Apple rubbery wood virus, also known as apple rubodvirus is a viral disease that causes apple rubbery wood in apple and pear cultivars. There are two varieties: ARWV 1 and ARWV 2. It gets its name from its distinctive effect that it has on its host trees, which show unusual flexibility in the stems and branches after a few years of infection. This often results in the maturing fruits of the tree to weigh down the branches such that they lay on the ground. Apple rubbery wood, or ARW, occurs worldwide, affecting apple and pear cultivars in most developed countries.

Taxonomy
Originally, ARW was assumed to be caused by phytoplasmas, but it could not be confirmed through multiple tests.
In 2019, it was suggested that both ARW 1 and 2 are given their own new genus, "Rubodvirus" (Rubbery wood virus), the name coming from Rub- in "Rubbery", and -od in "wood".

Symptoms
Limbs of the host tree become abnormally flexible, becoming unable to stay upright in most cases. Tree growth is stunted, and new stems and limbs are unable to grow, are distorted, or are rosetted. The limbs of affected trees are distinctly "flat", caused by atrophy of the vascular tissue. On some trees, like Quince, bark necrosis and discolored leaves can occur.

Impact
ARW rarely occurs by itself, and instead often occurs along with multiple other diseases, such as powdery mildew and scabbing. Its biggest effect in losses is through fruit yield, which can be reduced by 10–30%, though it isn't of much economic significance in countries where it is extant. It is transmitted from tree to tree through grafting of infected limbs.

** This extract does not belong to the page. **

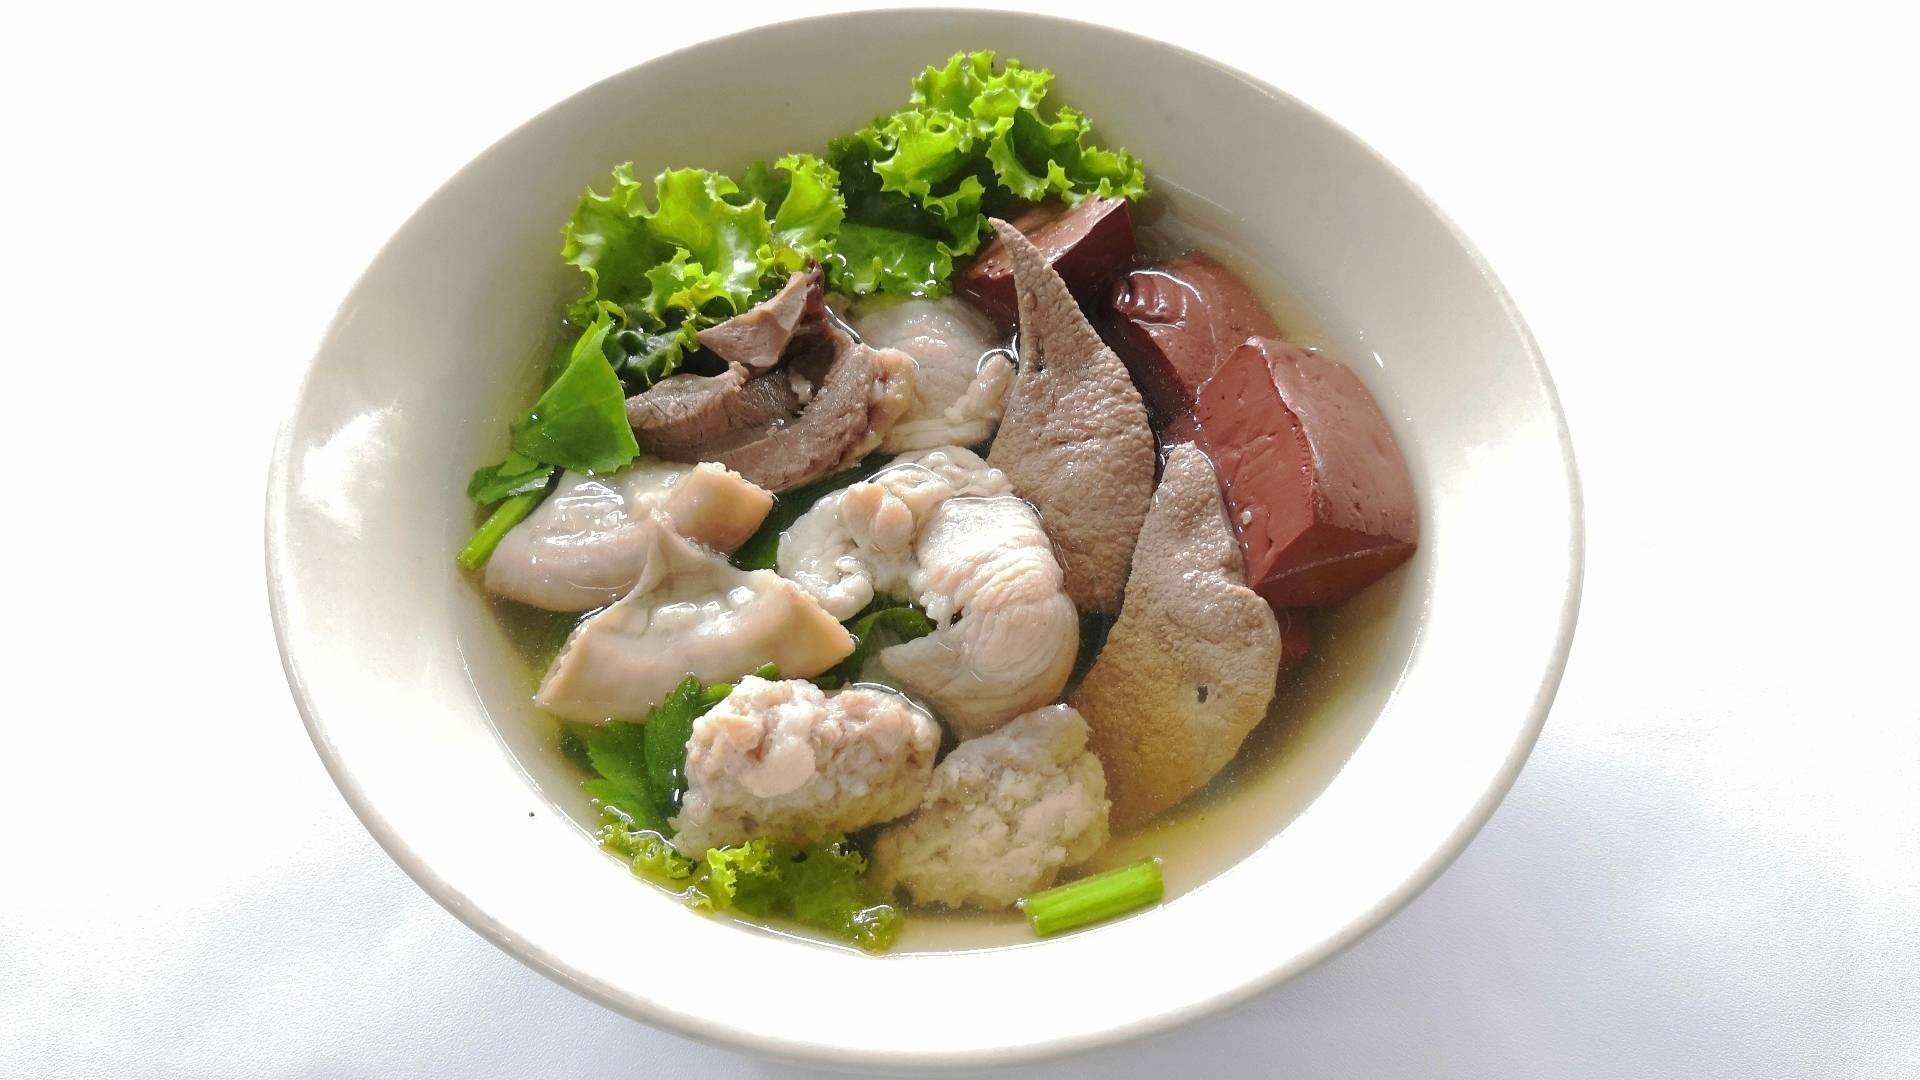 เฮียตี๋ ต้มเลือดหมู - คู้บอน 42 - สั่งอาหารเดลิเวอรี | Wongnai x LINE MAN
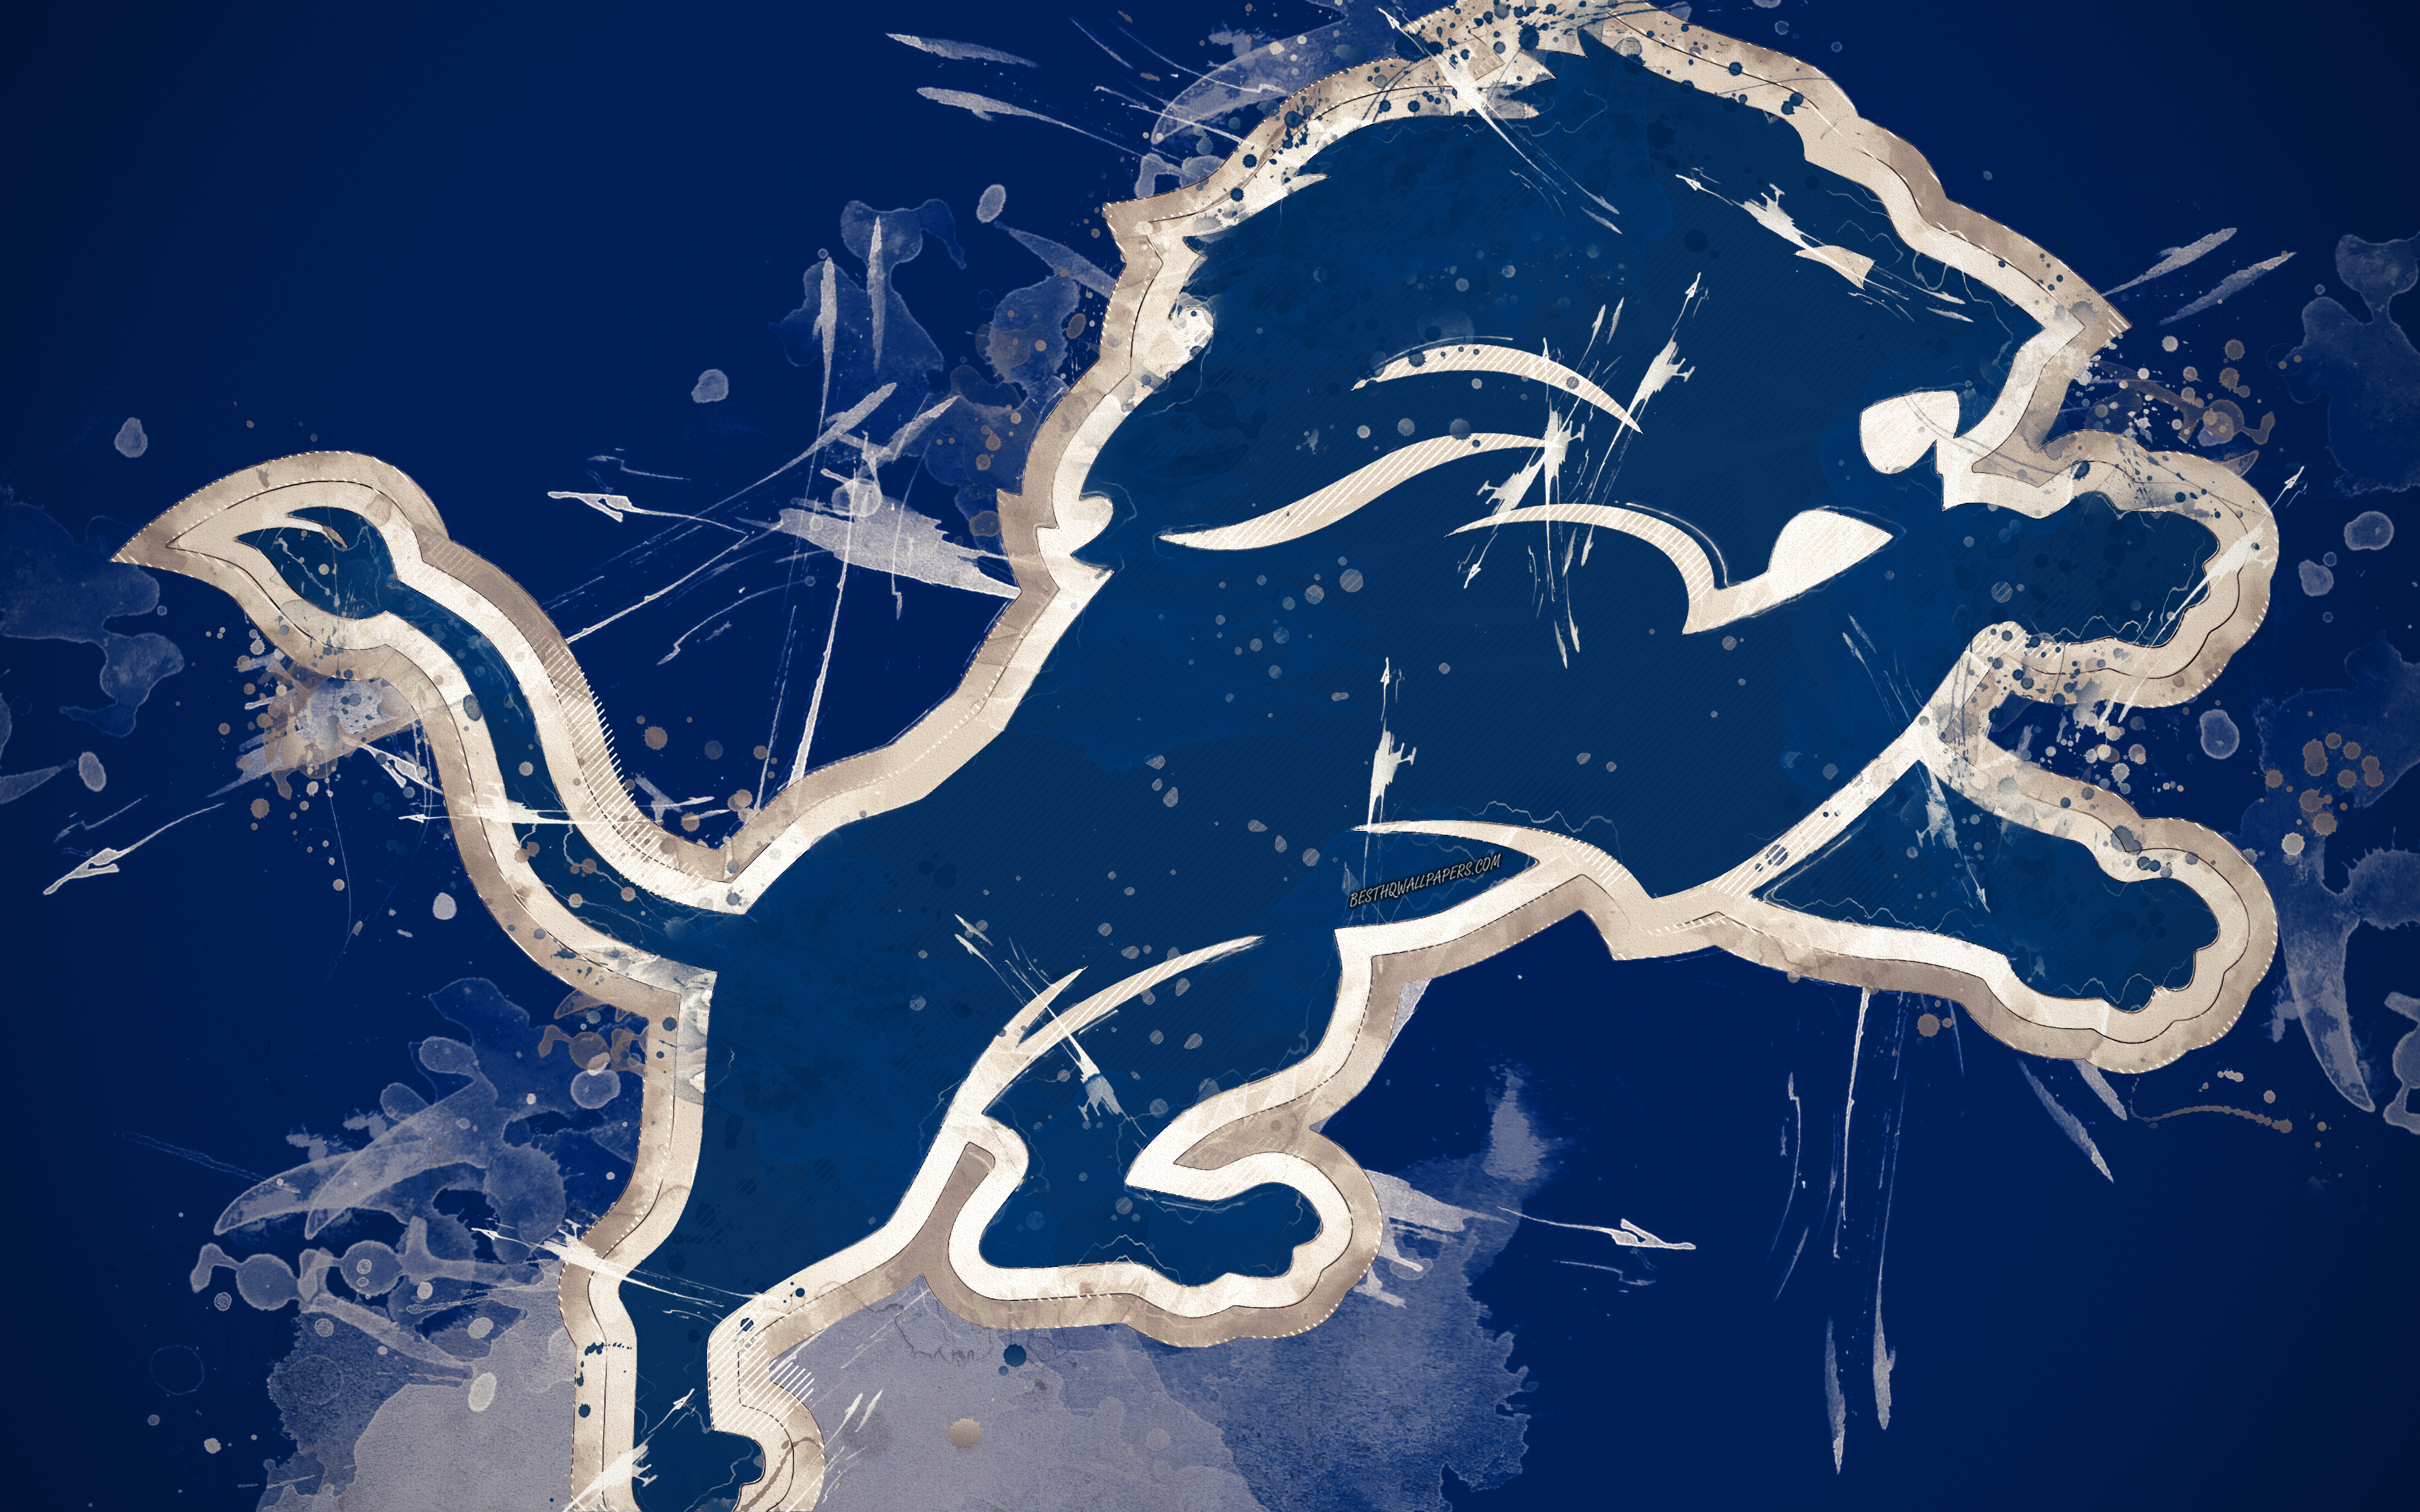 ダウンロード画像 デトロイトライオンズ 4k ロゴ グランジア アメリカのサッカーチーム エンブレム 青色の背景 塗装の美術 Nfl デトロイト ミシガン 米国 国立サッカーリーグ クリエイティブ アート 画面の解像度 3840x2400 壁紙デスクトップ上

ARW is known to infect multiple cultivars, including:
 Cydonia oblonga (quince)
 Malus (ornamental species apple)
 Malus baccata (Siberian crab apple)
 Malus domestica (apple)
 Prunus avium (sweet cherry)
 Prunus cerasus (sour cherry)
 Pyrus communis (European pear)

Treatment
In Europe, heat treatment can be used to render trees disease-free. A period of 7 days of dry heat exposure (38°C) is effective on young, infected trees.